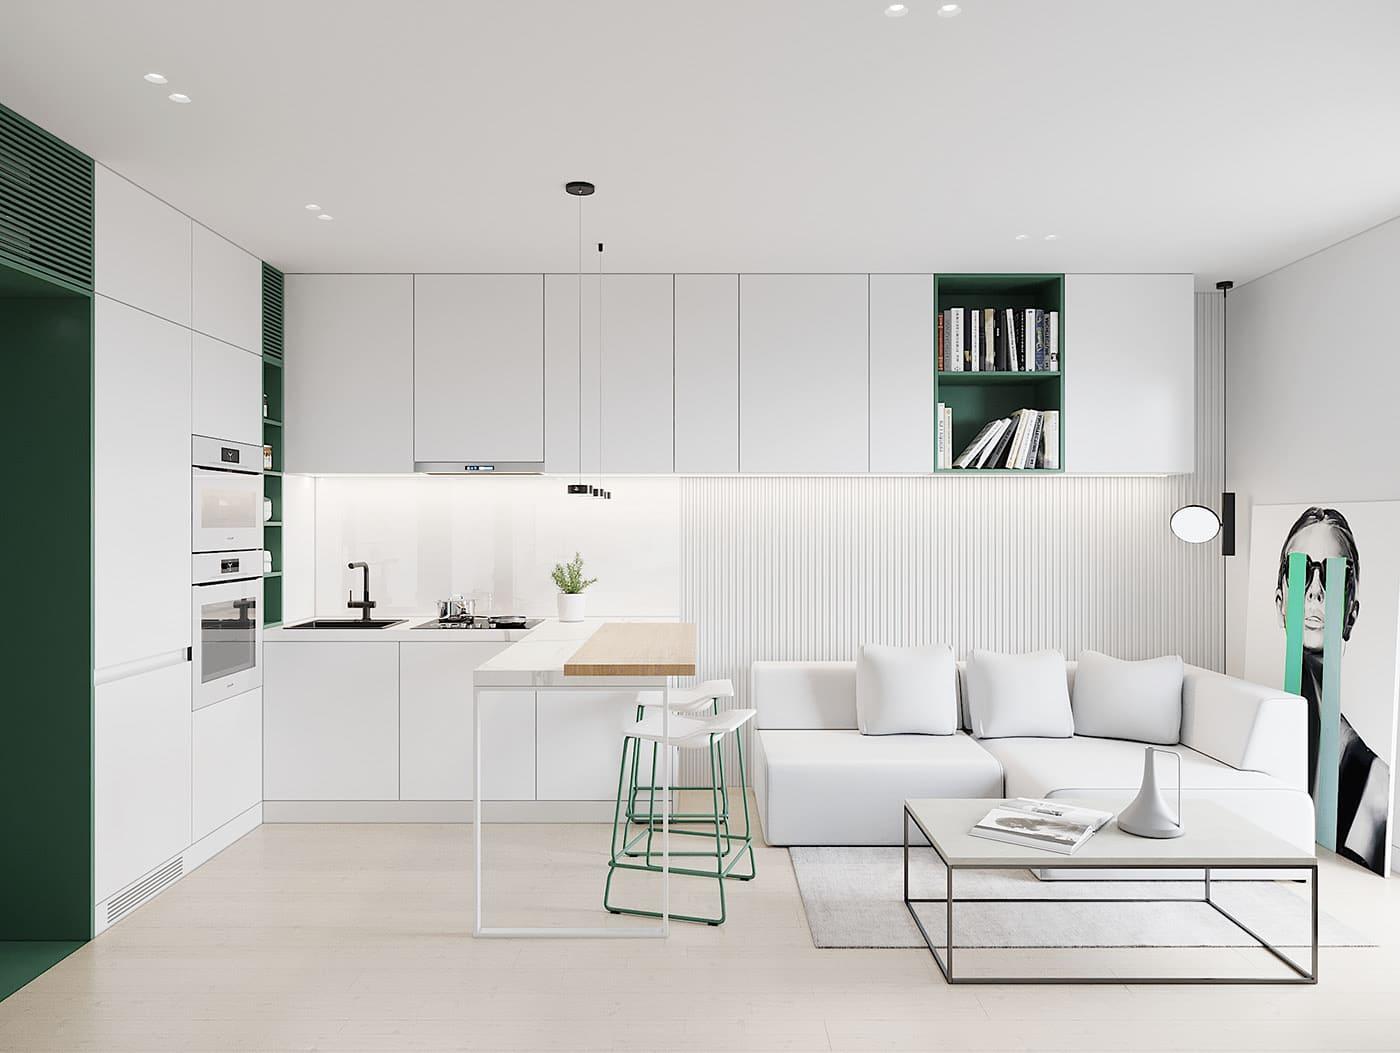 conception d'un appartement d'une pièce photo 73
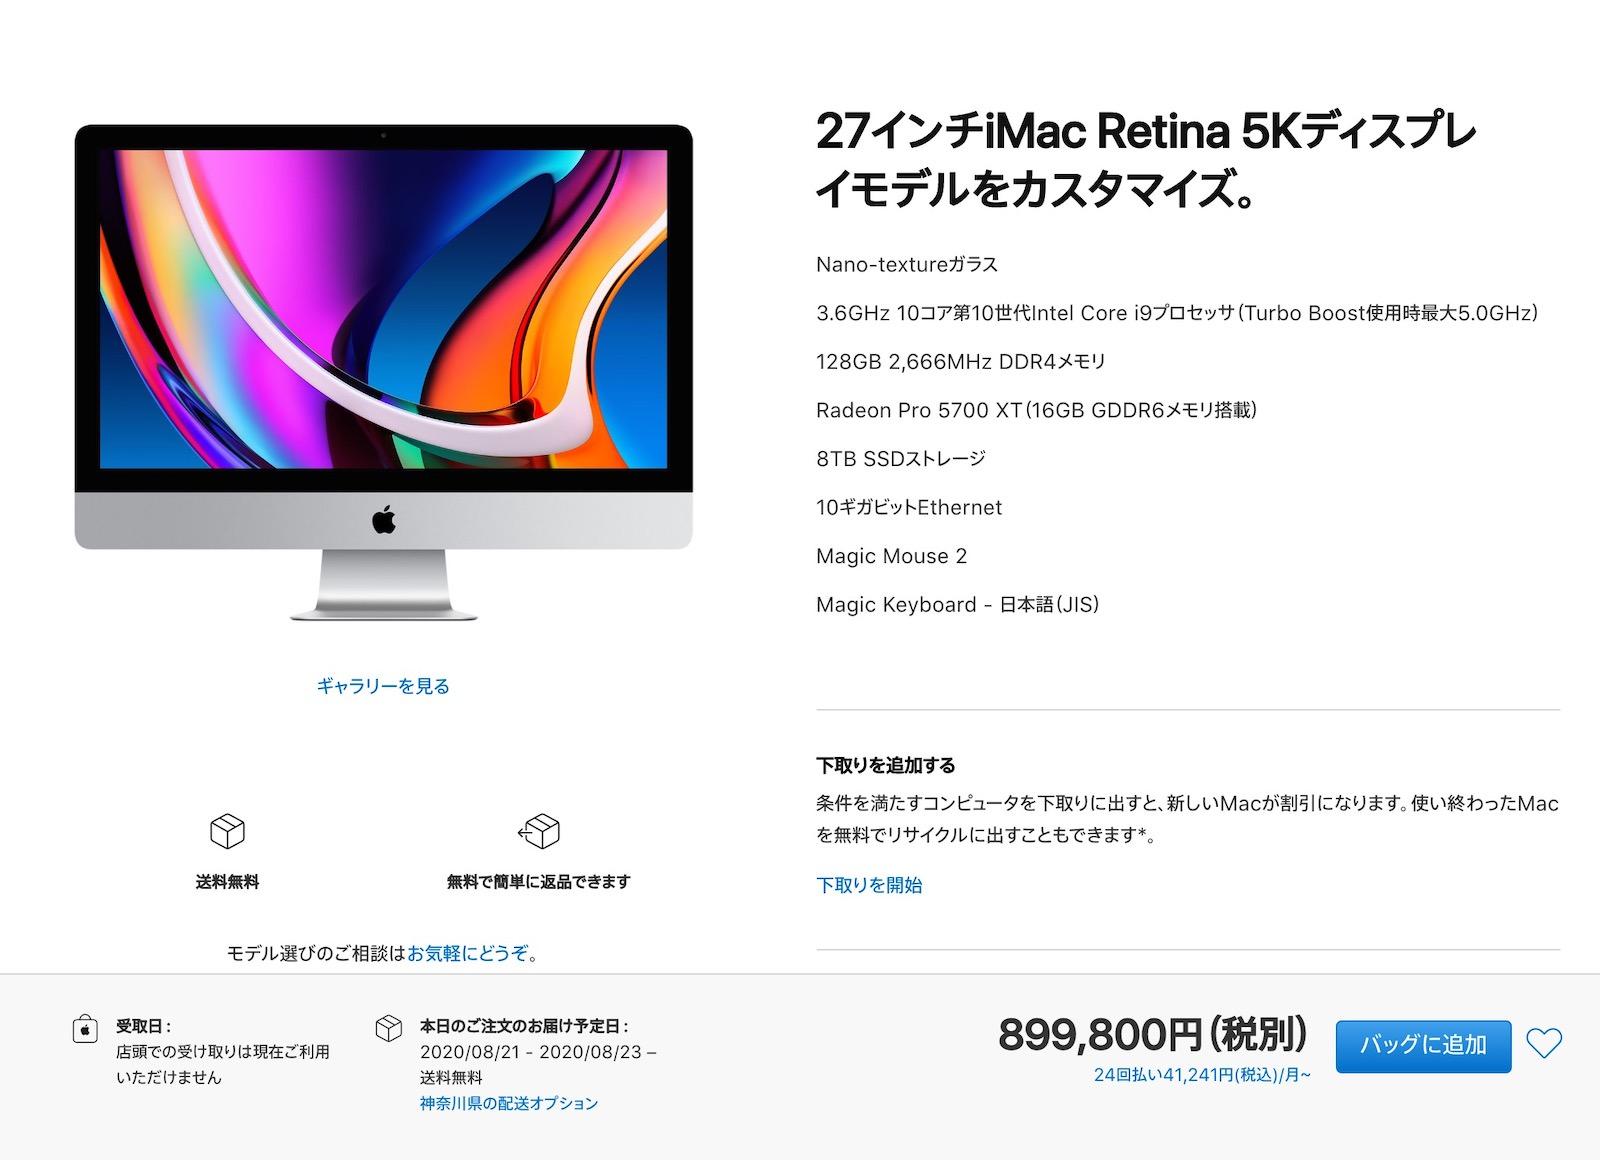 27inch imac retina 5k full spec
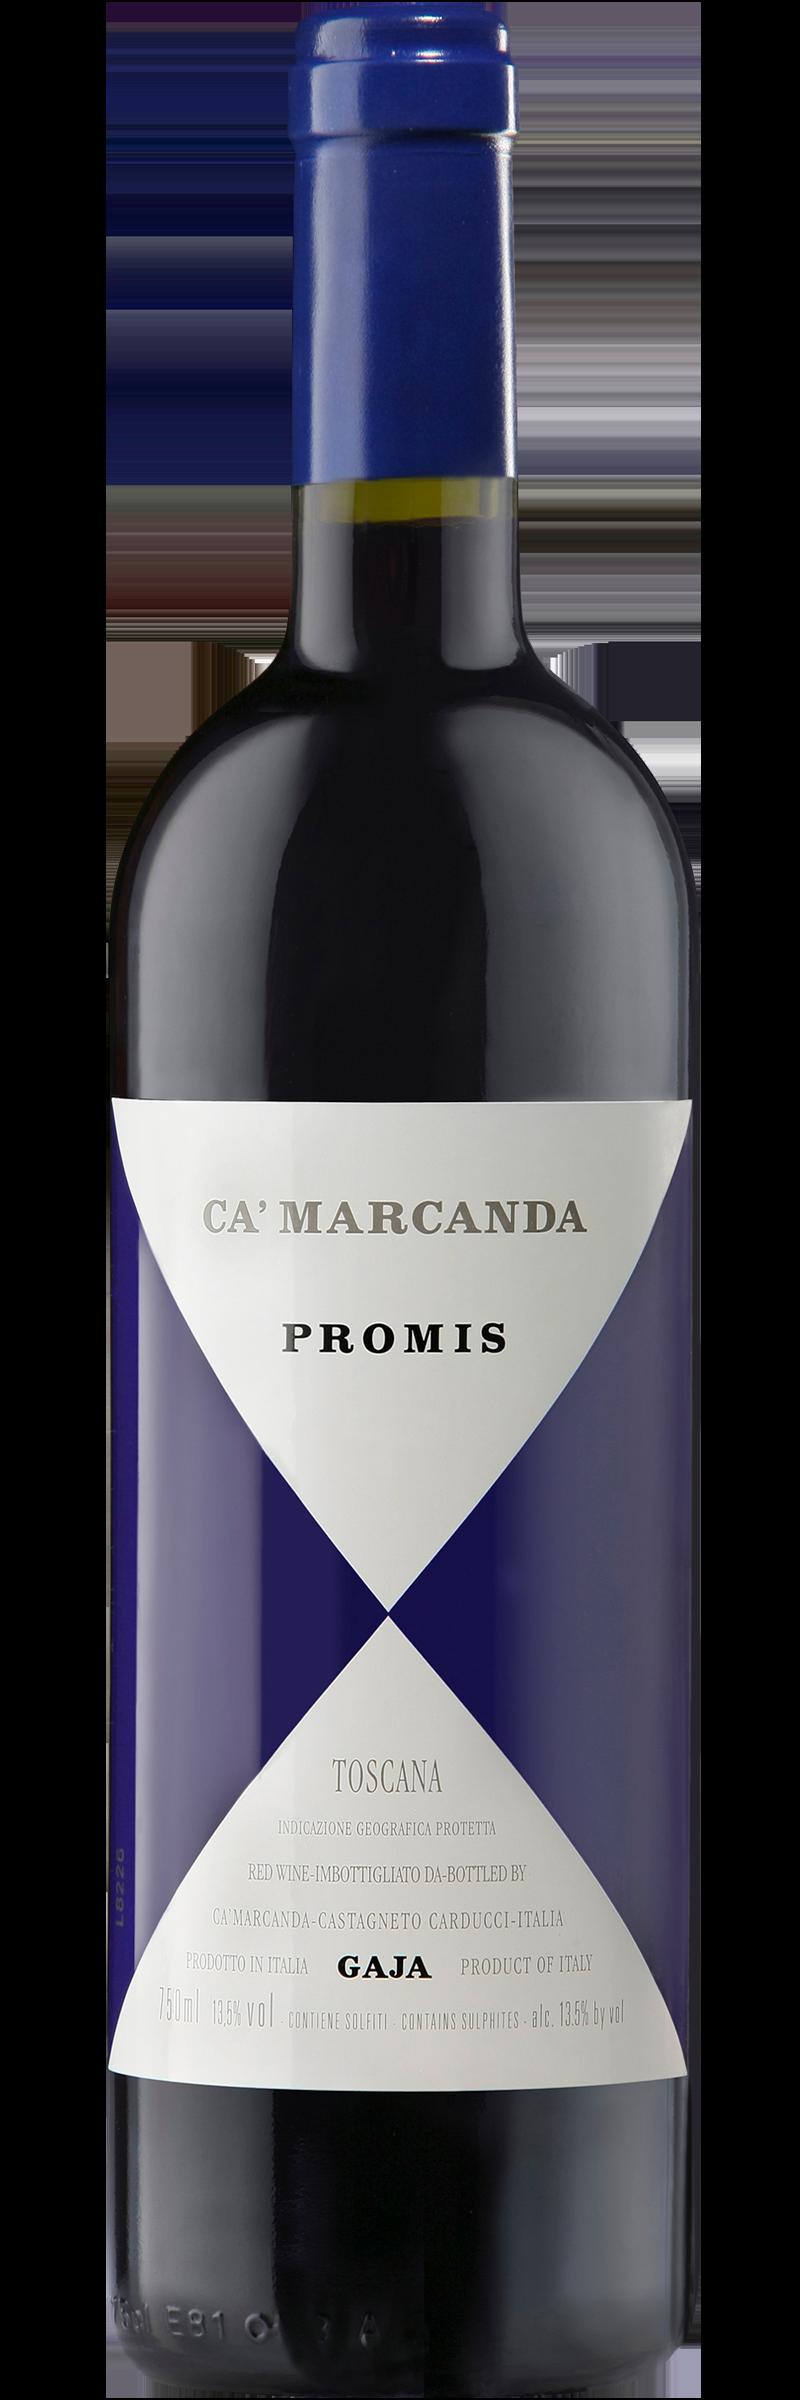 Ca'Marcanda Promis
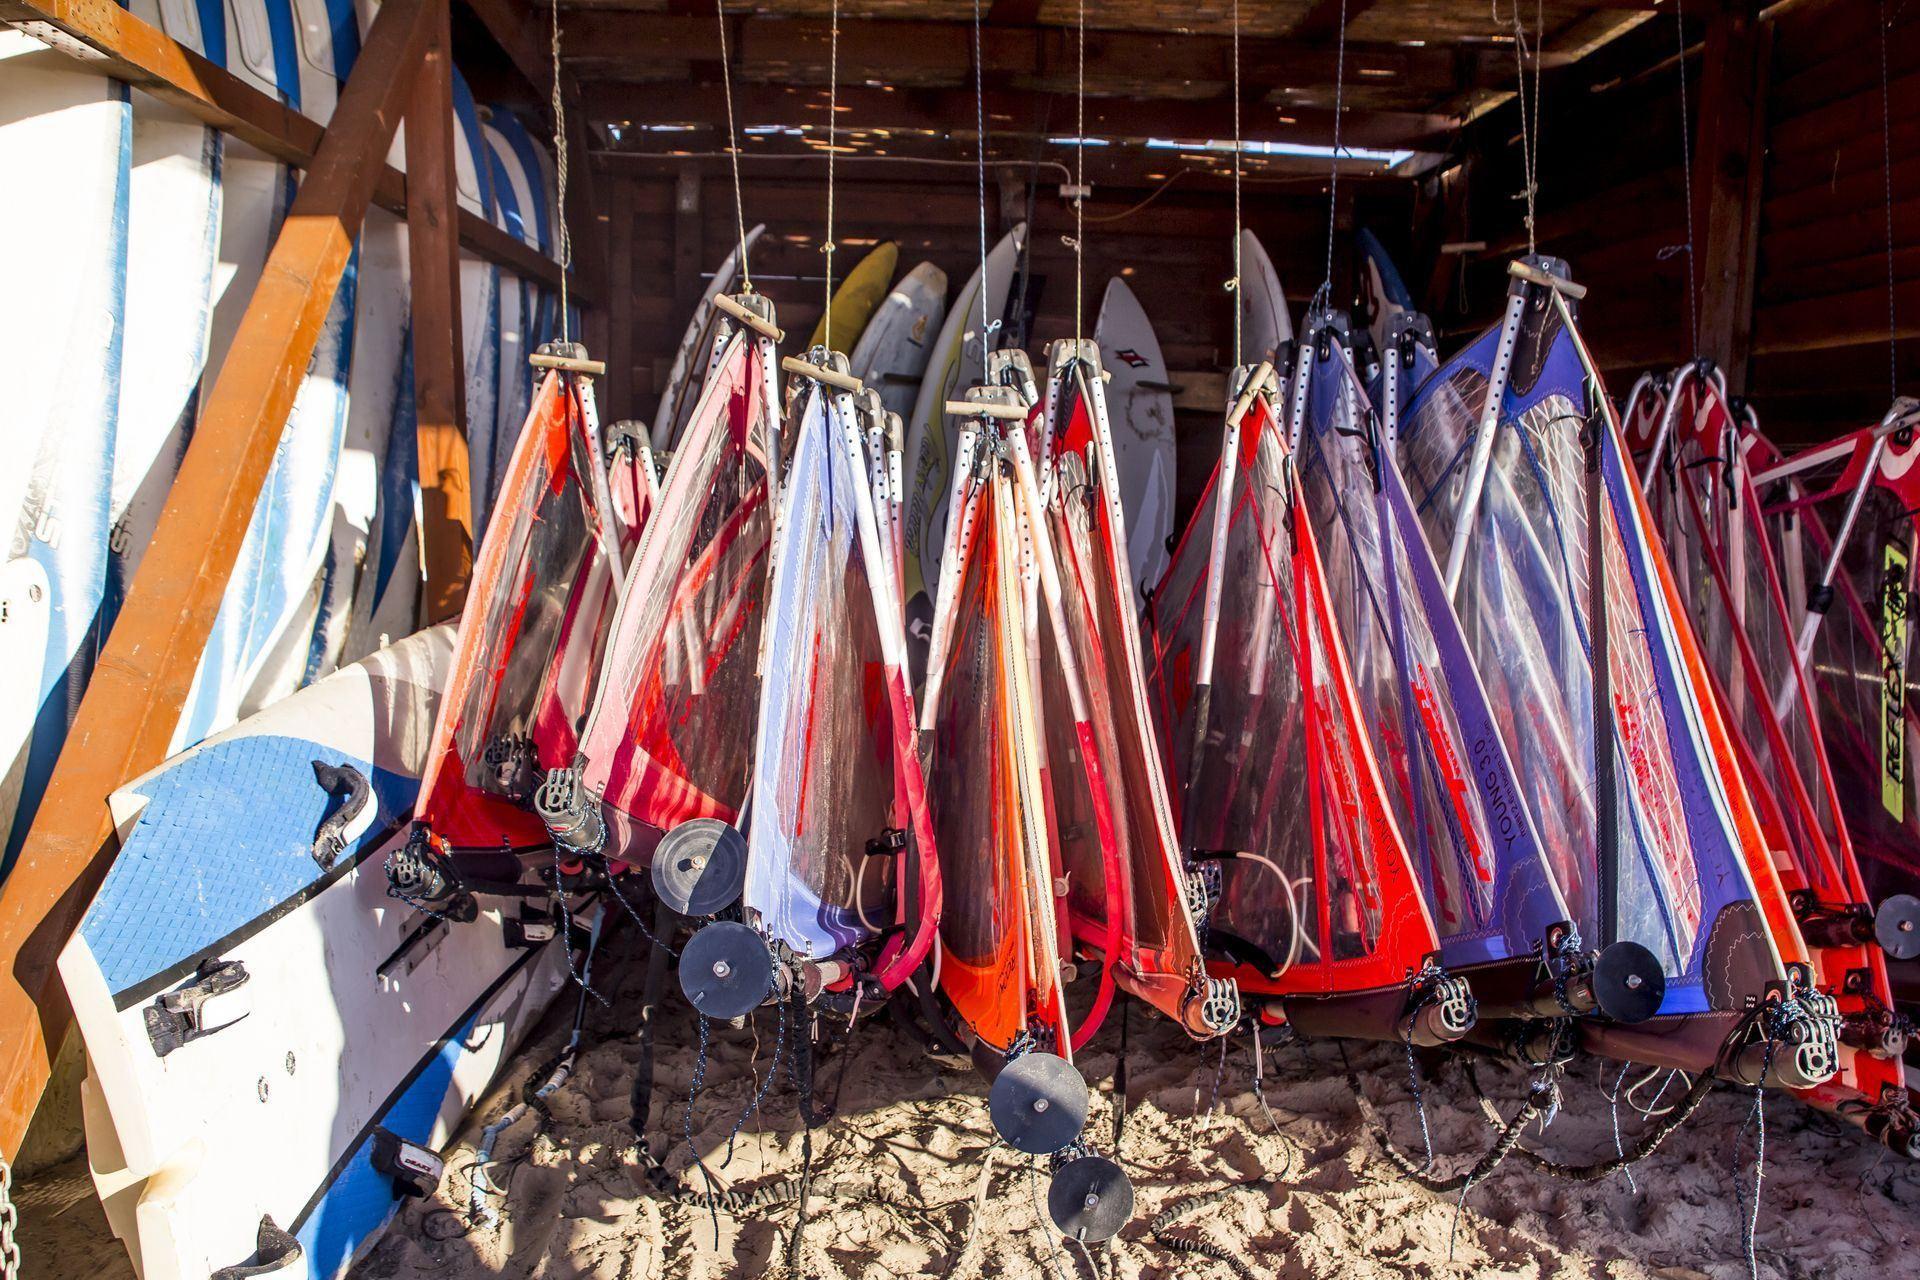 Przechowalnia sprzętu windsurfingowego

○ ○ ○ ○ ○

*Exercise:* Please set down every line of the data above precisely, dropping the images.

*Answer for this exercise:*
 conception d'un appartement d'une pièce photo 73
 27inch imac retina 5k full spec
 Ca'Marcanda Promis
 Przechowalnia sprzętu windsurfingowego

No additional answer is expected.